In the CF phase, the proppants sized between 75 μm and 106 μm (140-200 mesh) were adopted to maintain a certain width of HFs. The experiment disregarded the process of TPAs migrating from the perforation orifice to the point with critical fracture width of the bridge. It focused on the possibility of TPAs forming a plugging zone at the critical width of the fracture. To mitigate potential experimental biases arising from differences in TPA particle size and performance, on-site TPAs were utilized in the experiment, primarily including small- sized TPAs ranging from 125 μm to 180 μm (80-120 mesh) and 180 μm to 850 μm (20-80 mesh), as well as large-sized TPAs ranging from 1 mm to 2 mm and 1 mm to 3 mm.
A total of 13 sets of experiments were designed. Among them, samples 1# to 5#, 6# to 8#, and 9# to 11# were respectively utilized to analyze the effects of TPA particle size, TPA mass concentration, and the number of single-cluster perforations on the initiation, propagation and diversion of multi-cluster fractures. Samples 7#, 12#, and 13# were used to analyze the impact of cluster numbers. The specific plans are detailed in Table 1.
Table 1. Experimental scheme
Rock
sample No.
Parameters of TPA for IFTP Parameters of TPA for ISTP Perforation
number of
single cluster
Cluster number
Particle
size/μm
Dosage/g Mass concentration/
(g·L−1)
Particle size/mm Dosage/g Mass concentration/
(g·L−1)
1# 125-180 60 60 1-2 40 40 3 5
2# 180-850 60 1-3 40
3# 125-180 30 1-2 20
180-850 30 1-3 20
4# 125-180 50 1-2 35
6 mm fiber 10 6 mm fiber 5
5# 125-180 30 125-180 μm 20
1-2 mm 30 1-3 20
6# 125-180 20 40 1-2 10 20 3 5
180-850 20 1-3 10
7# 125-180 30 60 1-2 20 40
180-850 30 1-3 20
8# 125-180 40 80 1-2 30 60
180-850 40 1-3 30
9# 125-180 30 60 1-2 20 40 2 5
180-850 30 1-3 20
10# 125-180 30 1-2 20 3
180-850 30 1-3 20
11# 125-180 30 1-2 20 4
180-850 30 1-3 20
12# 125-180 30 60 1-2 20 40 3 3
180-850 30 1-3 20
13# 125-180 30 1-2 20 7
180-850 30 1-3 20

2. Factors influencing the propagation of multi-cluster fractures

The influence of TPA particle size, TPA mass concentration, single-cluster perforation number, and cluster number on the TPDF effect of multi-cluster sand jetting perforation was evaluated with the pressure increase amplitude, HF quantity and HF complexity after TPDF as indicators.

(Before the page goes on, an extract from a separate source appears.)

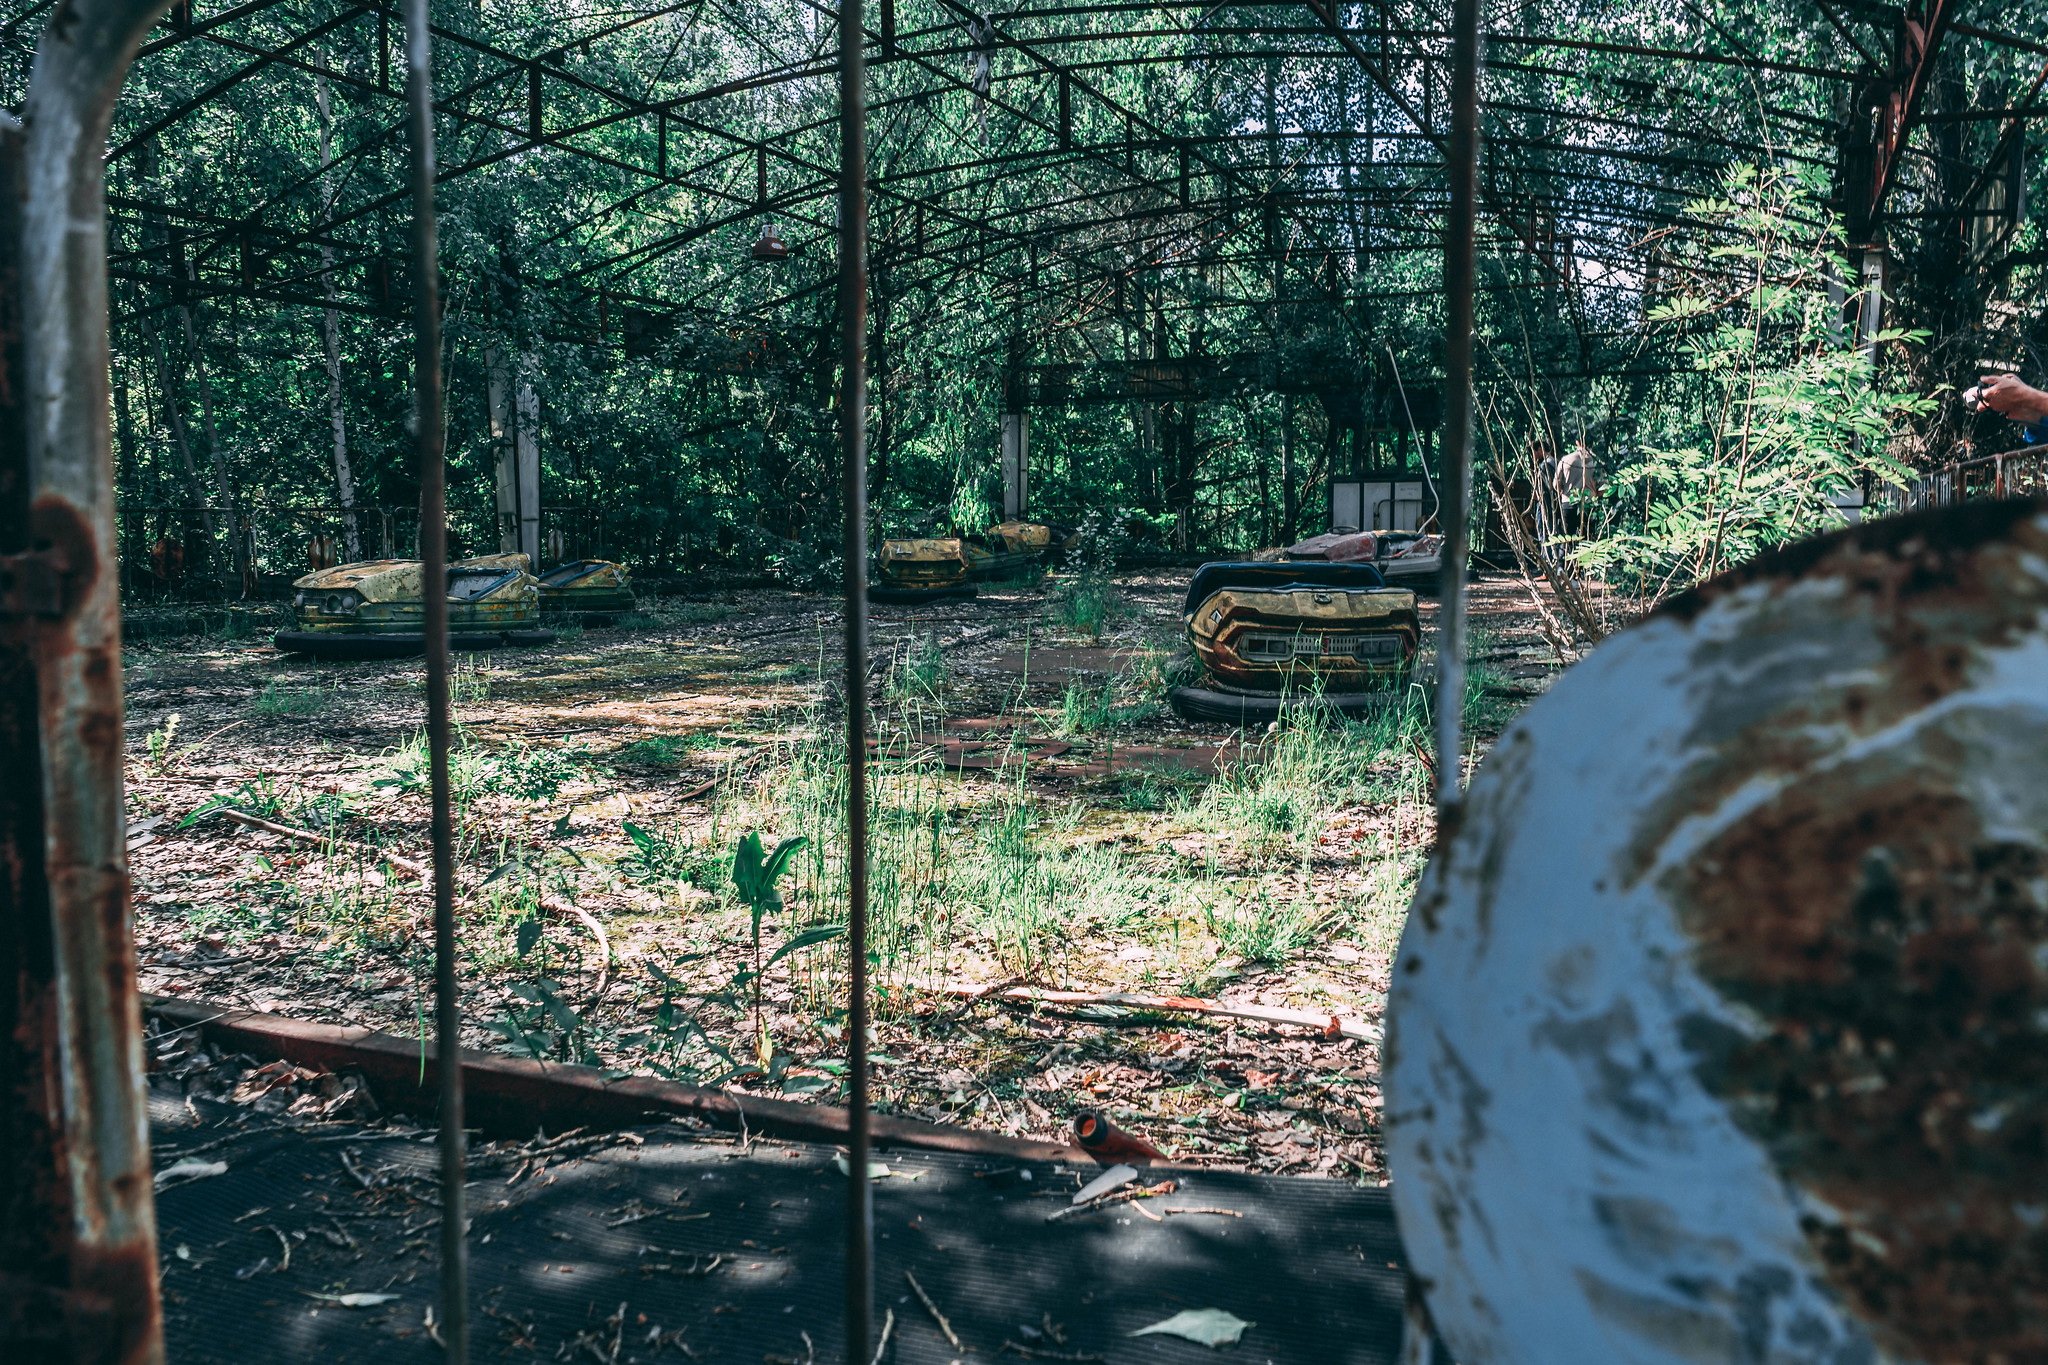 Prypyat Fairground

Based on the post-fracturing HF occurrence of rock samples, three representative HF orientations can be summarized: transverse fractures extending perpendicular to the wellbore, longitudinal fractures extending along the wellbore axis, and horizontal fractures extending along beddings (Fig. 4). When encountering beddings or NFs, HFs exhibit various behaviors, including penetration, deviation and termination. During CF phase, HFs tend to initiate in low-strength beddings near the wellbore, resulting in difficulties in subsequent fracture penetration and forming simple fracture morphology overall (as seen in samples 5# and 10#). However, when weak BPs are distributed away from the wellbore or NFs are present, HFs can propagate through beddings or NFs, forming complex branched fractures (as observed in samples 1#, 3# and 6#).
Fig. 4. Fracture morphology on rock sample surface after TPDF.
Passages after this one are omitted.